The city of Ramsey is looking into whether it violated state law by hiring a real estate consulting firm that doesn't have the license required to collect real estate commissions.
The quality of work performed by Landform Professional Services is not the issue, city officials say. The question involves a portion of the $1.4 million the Anoka County city has paid Landform, several hundred thousand dollars for what Landform President Darren Lazan describes as "incentive fees" for "engineering work, attending meetings, site-planning, platting and marketing."
Those responsibilities, Lazan says, have nothing to do with brokering real estate deals and conform with Minnesota law, as well as a contract that says Landform is not "entitled to any compensation for work which requires a license."

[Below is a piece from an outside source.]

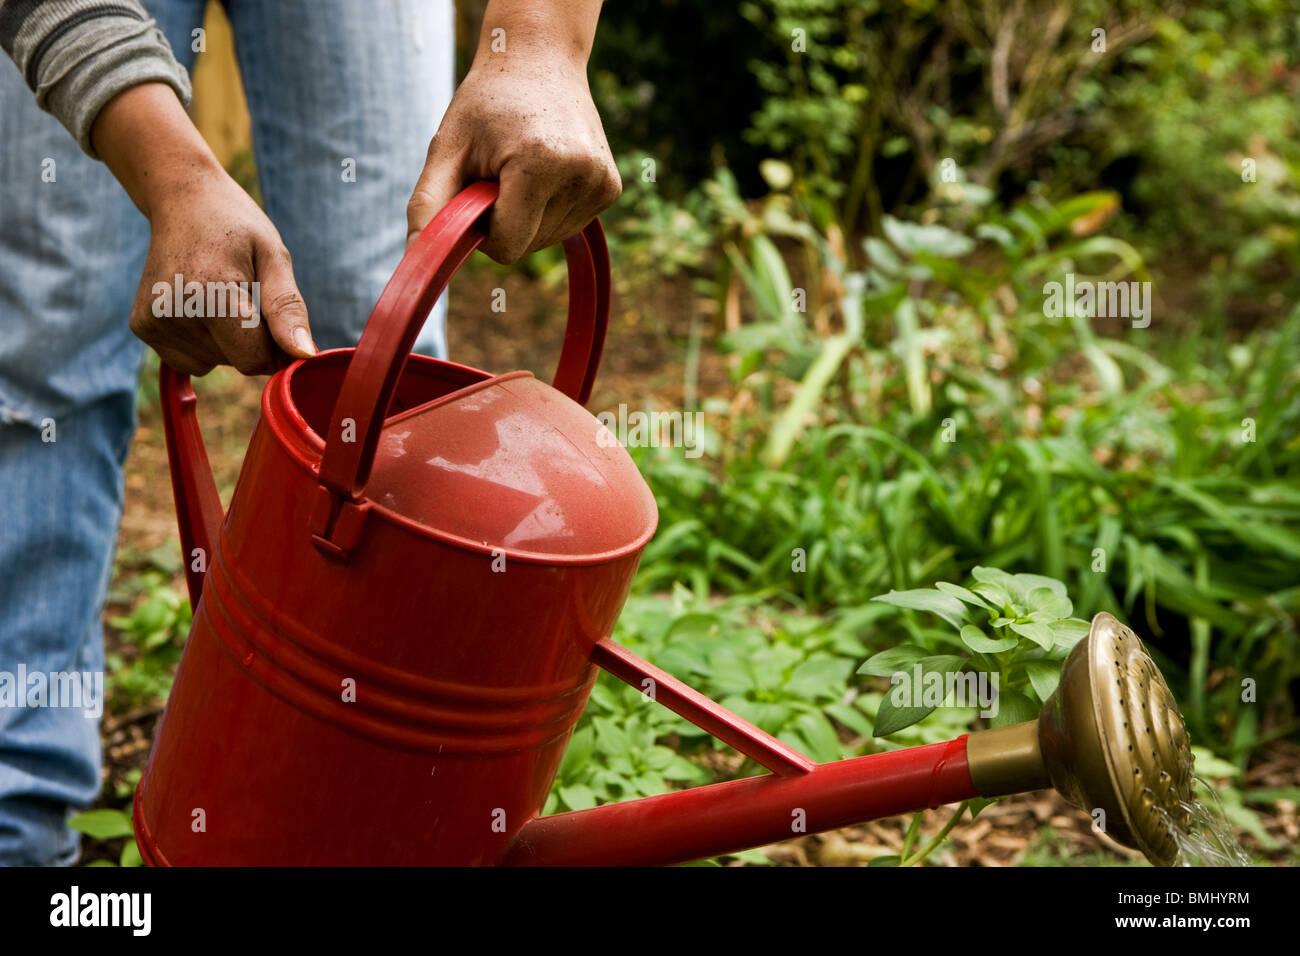 Watering the garden - Stock Image

"I am fully confident that we are within the scope of our contract," Lazan said this week. "We're not brokers, we don't get commissions. The vast body of our work involves work brokers don't do."
Lazan never hid that he and Landform have no real estate or broker's licenses, required by state law for brokering real estate deals -- which involves listing properties. That fact is mentioned early in the company's contract with Ramsey, an agreement to "provide development services" for a 140-acre property that officials have hoped would become a new downtown.
But newly elected Mayor Sarah Strommen, who was not a City Council member when Landform was hired in 2009, said the city has sought legal counsel to define Landform's role and review a contract that expires March 31.
Anonymously sent document
Spurring the issue was an anonymously sent nine-page document challenging "compensation" to Landform for what it called "brokerage" work. Strommen was among those who received the unsigned document nearly three weeks ago, but says she has no idea who wrote or sent it. She said it's "interesting, but we don't know how much of it is credible."